The Old Town Classics: Where Trabzon Pizza Culture Took Root

Trabzon's pizza story does not start in a glossy shopping mall. It starts in the narrow lanes around Ortahisar, where bakeries and pide salons began experimenting with thinner crusts and tomato sauce sometime in the early 2000s. The best casual pizza Trabzon has to offer still lives in this part of the city, within walking distance of the Hagia Sophia of Trabzon and the old bazaar streets. These are not fancy places. They are loud, family-run, and they do not care whether you are a tourist or a local truck driver. You sit, you eat, and you leave full.

1. Pizzacı İsmail on Uzun Sokak

I walked into Pizzacı İsmail on a rainy Tuesday evening last month, and the place was already half full by 6:30 PM, which is early by Trabzon standards. Uzun Sokak is the main pedestrian artery of the old town, and İsmail's shop sits roughly halfway between the central square and the old Ottoman-era hamam. The owner, İsmail himself, has been running this spot for over fifteen years, and he still stretches every base by hand behind a counter you can see from the street.
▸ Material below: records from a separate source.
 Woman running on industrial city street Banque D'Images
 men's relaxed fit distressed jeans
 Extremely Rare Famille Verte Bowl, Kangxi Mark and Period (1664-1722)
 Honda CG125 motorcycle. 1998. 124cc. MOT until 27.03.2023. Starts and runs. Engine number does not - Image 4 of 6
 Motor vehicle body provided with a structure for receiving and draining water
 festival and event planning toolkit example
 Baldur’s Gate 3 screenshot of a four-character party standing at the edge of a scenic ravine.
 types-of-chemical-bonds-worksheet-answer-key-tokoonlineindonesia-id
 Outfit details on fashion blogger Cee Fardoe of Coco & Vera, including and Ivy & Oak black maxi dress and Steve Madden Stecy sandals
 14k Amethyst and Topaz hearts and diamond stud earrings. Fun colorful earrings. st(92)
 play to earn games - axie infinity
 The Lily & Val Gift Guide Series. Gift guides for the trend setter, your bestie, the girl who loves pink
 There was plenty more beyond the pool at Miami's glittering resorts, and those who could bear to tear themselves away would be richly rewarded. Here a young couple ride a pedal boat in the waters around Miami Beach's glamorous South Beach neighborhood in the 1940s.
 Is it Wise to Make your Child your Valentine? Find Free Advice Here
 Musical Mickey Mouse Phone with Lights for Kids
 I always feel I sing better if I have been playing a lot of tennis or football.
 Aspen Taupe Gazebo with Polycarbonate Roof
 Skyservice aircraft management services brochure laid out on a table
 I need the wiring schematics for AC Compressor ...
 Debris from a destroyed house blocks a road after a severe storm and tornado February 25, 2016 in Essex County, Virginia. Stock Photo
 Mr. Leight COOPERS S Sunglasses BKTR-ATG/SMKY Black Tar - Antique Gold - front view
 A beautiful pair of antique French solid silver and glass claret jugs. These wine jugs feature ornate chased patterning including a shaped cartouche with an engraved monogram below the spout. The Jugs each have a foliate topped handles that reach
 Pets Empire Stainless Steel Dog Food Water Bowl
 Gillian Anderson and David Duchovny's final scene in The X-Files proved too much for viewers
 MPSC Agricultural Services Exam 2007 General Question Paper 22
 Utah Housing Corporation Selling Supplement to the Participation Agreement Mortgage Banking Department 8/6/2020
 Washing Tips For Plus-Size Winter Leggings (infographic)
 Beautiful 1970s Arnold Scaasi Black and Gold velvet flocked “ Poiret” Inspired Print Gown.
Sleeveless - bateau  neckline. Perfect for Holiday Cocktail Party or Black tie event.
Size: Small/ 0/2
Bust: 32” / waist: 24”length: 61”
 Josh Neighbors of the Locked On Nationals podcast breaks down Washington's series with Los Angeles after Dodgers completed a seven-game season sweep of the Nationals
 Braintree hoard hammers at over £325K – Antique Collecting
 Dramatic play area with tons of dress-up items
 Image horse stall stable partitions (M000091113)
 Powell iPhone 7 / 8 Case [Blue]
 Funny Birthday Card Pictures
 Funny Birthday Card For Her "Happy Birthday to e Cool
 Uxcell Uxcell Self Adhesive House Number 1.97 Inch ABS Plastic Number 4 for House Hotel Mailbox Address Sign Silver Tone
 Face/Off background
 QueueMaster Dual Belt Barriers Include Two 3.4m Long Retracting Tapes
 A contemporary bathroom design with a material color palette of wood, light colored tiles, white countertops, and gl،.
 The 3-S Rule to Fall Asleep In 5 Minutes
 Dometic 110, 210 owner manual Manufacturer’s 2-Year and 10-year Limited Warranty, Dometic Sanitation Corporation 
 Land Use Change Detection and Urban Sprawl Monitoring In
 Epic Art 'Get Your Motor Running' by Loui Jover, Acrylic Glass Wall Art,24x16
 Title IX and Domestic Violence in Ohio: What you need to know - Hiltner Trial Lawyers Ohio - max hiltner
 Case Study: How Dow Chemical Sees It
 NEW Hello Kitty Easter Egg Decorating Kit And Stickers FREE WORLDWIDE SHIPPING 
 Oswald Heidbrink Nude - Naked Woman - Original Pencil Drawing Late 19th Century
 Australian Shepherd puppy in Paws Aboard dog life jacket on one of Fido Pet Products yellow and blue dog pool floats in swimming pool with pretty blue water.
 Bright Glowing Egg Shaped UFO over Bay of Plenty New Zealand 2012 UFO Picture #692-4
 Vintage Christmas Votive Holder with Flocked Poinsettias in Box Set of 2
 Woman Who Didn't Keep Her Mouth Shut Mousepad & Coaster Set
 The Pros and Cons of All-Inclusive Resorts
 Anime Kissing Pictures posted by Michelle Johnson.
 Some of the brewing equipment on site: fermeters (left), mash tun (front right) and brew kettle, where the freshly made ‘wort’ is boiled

Order the Trabzon pidesi, which is not technically a pizza but a boat-shaped flatbread loaded with local kaşar cheese, butter, and egg. It arrives sizzling on a metal tray, and the cheese pull alone is worth the trip. The best time to come is weekday evenings before 7 PM, because weekends turn this place into a queue that spills onto the sidewalk. Most tourists do not know that İsmail also makes a thin-crust margherita on request, even though it is not on the printed menu. Just ask.

Local Insider Tip: "Sit at the two-table section near the back wall if you want to hear İsmail argue with his brother about Trabzonspor. The front tables are for families with kids, and they will give you the stink eye if you linger too long after your plate is empty."

The connection to Trabzon's character here is direct. Uzun Sokak has been a commercial corridor since the Genoese traders used it in the 13th century, and eating here feels like participating in a very old tradition of feeding people who are walking somewhere. The pizza is just the modern version of that.

2. Karadeniz Pide Salonu near Çarşı Cami

This is the kind of place that does not have a website, a Google Maps listing that is accurate, or any interest in either. Karadeniz Pide Salonu sits on a side street just off the Çarşı Cami area, and I found it the way most people do: by following the smell of baking dough and butter. The interior is tiled floor, plastic chairs, and a television permanently tuned to a Trabzonspor match or a Turkish news channel. What makes it worth going to is the peynirli pide, which uses a blend of local Trabzon tulum peyniri and kaşar that melts into something richer and saltier than anything you will find in Istanbul. I went on a Friday afternoon around 2 PM, and the lunch rush had just cleared out, so I got a table by the window and watched the call to prayer echo off the minaret across the street. The best time to visit is mid-afternoon on weekdays, when the oven is hot but the crowd has thinned. One detail most tourists miss is that the owner keeps a jar of homemade hot pepper flakes on the counter. Ask for it. It changes everything.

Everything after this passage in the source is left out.